On passe alors d’un élu qui existe “par ce qu’il inaugure” à un élu qui existe “par les coalitions d’actions et d’acteurs” qu’il aura réussi à impulser. Les élus s’affirment désormais par leurs capacités d’impulsion et d’animation du dialogue entre parties prenantes, ainsi que par leurs capacités à faire émerger des compromis et des alliances engageantes entre acteurs ayant des intérêts parfois divergents. […]

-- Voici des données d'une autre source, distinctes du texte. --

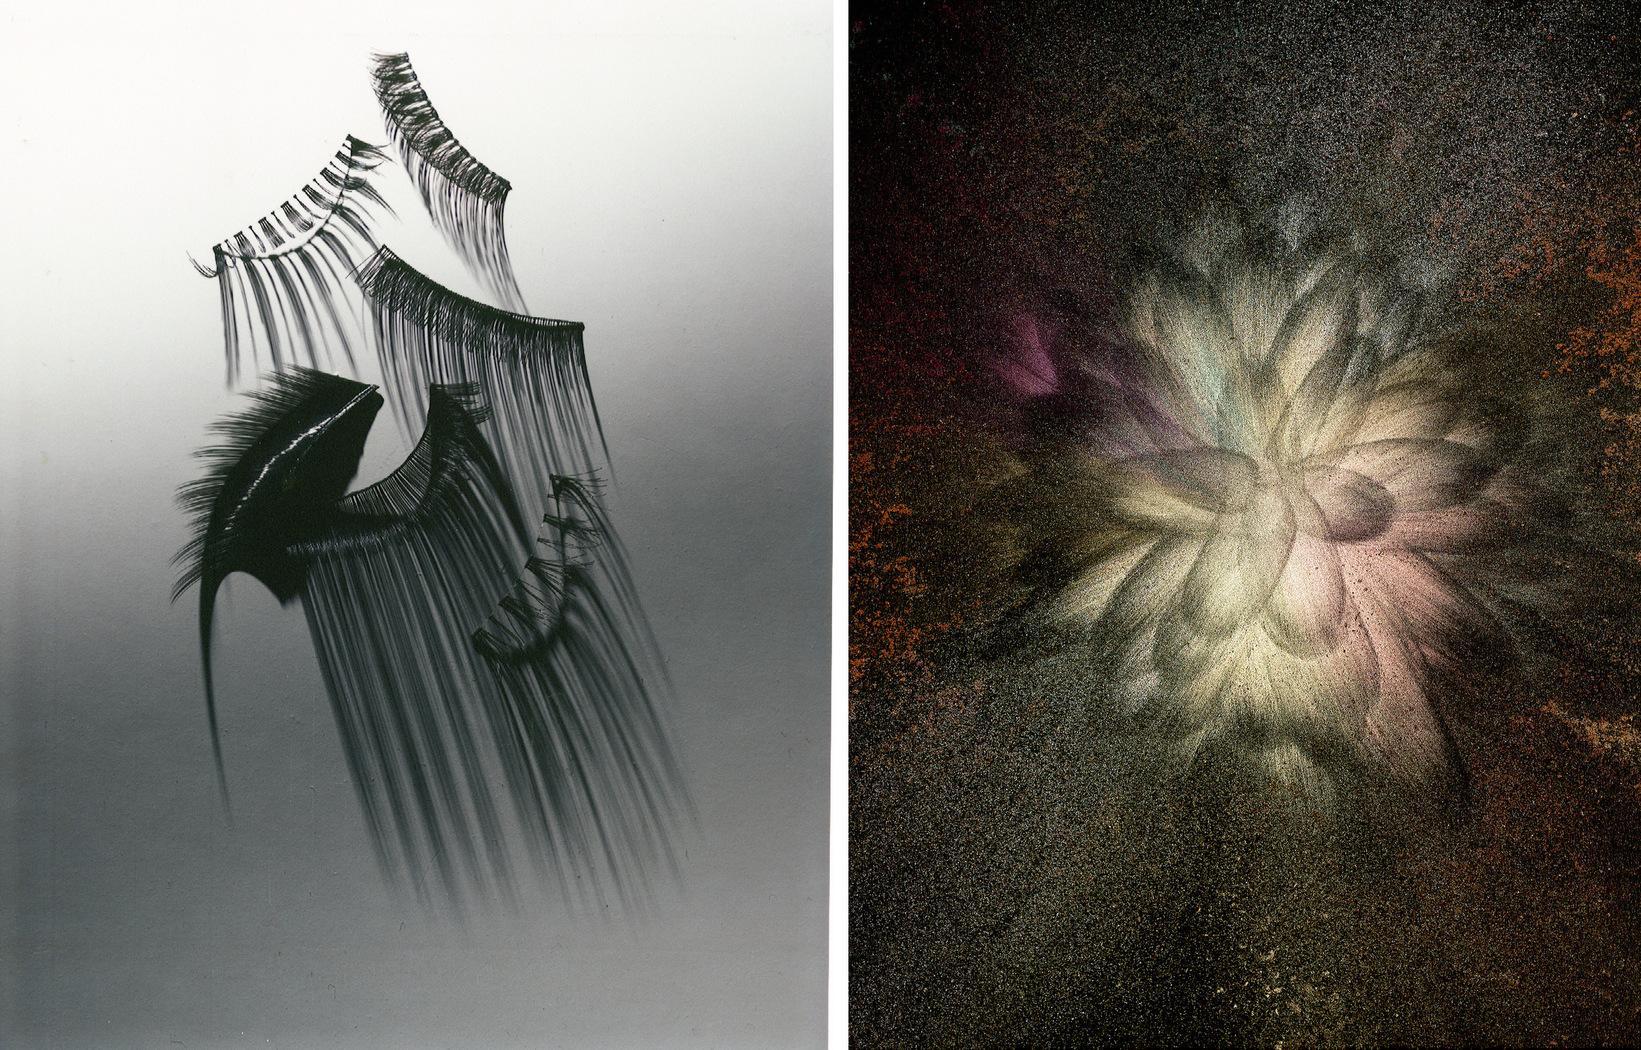 Apostrophe - Photographes - Mitchell Feinberg - Publicité 2
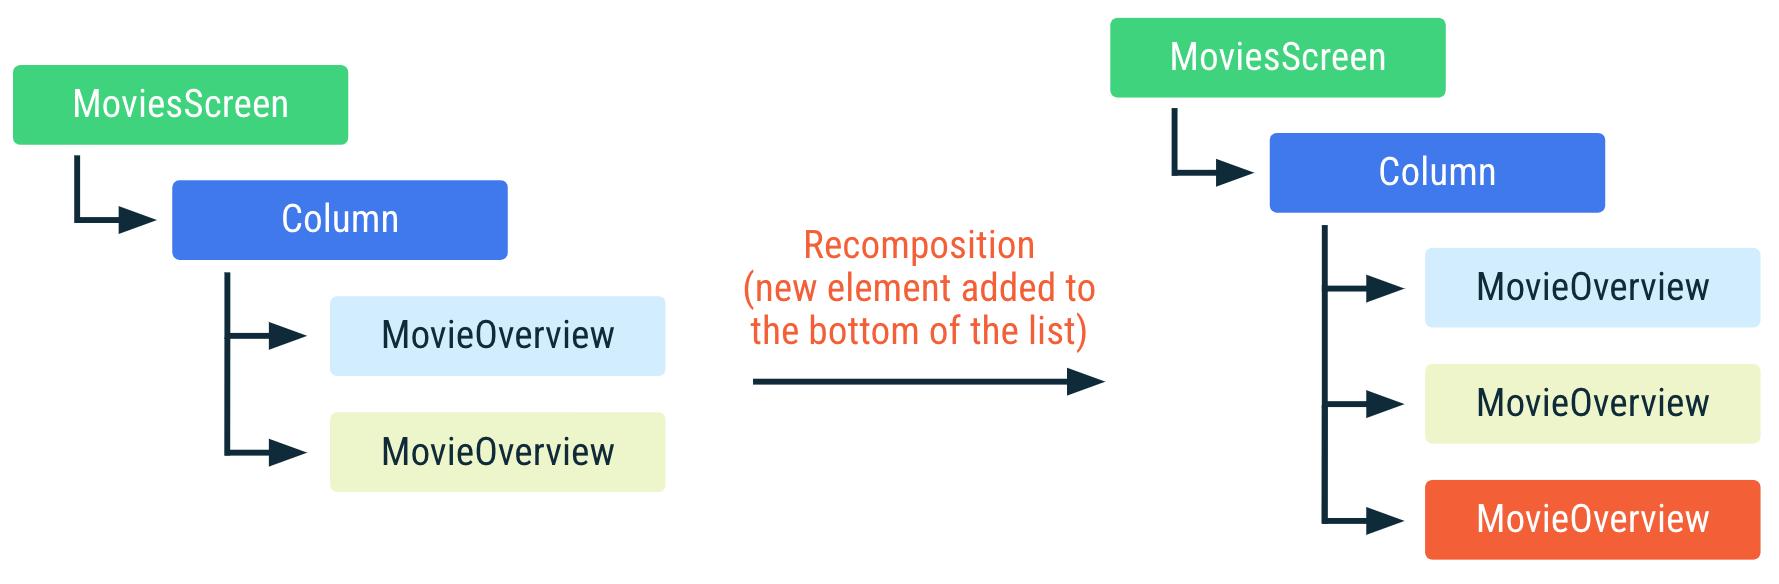 展示将新元素添加到列表底部后上述代码重组方式的示意图。列表中的其他项并未改变位置,也不会重组。

Pour accompagner cette collégialité […], l’ingénierie territoriale ne peut plus se contenter d’apporter des solutions ou une expertise “clé en main”. Elle doit surtout permettre […] d’imaginer et de négocier ensemble leurs solutions. Pour cela, elle adopte une posture de “médiateur” (garant du cadre de confiance), de “traducteur” et d’“éclaireur” (une expertise objective au service de la décision). »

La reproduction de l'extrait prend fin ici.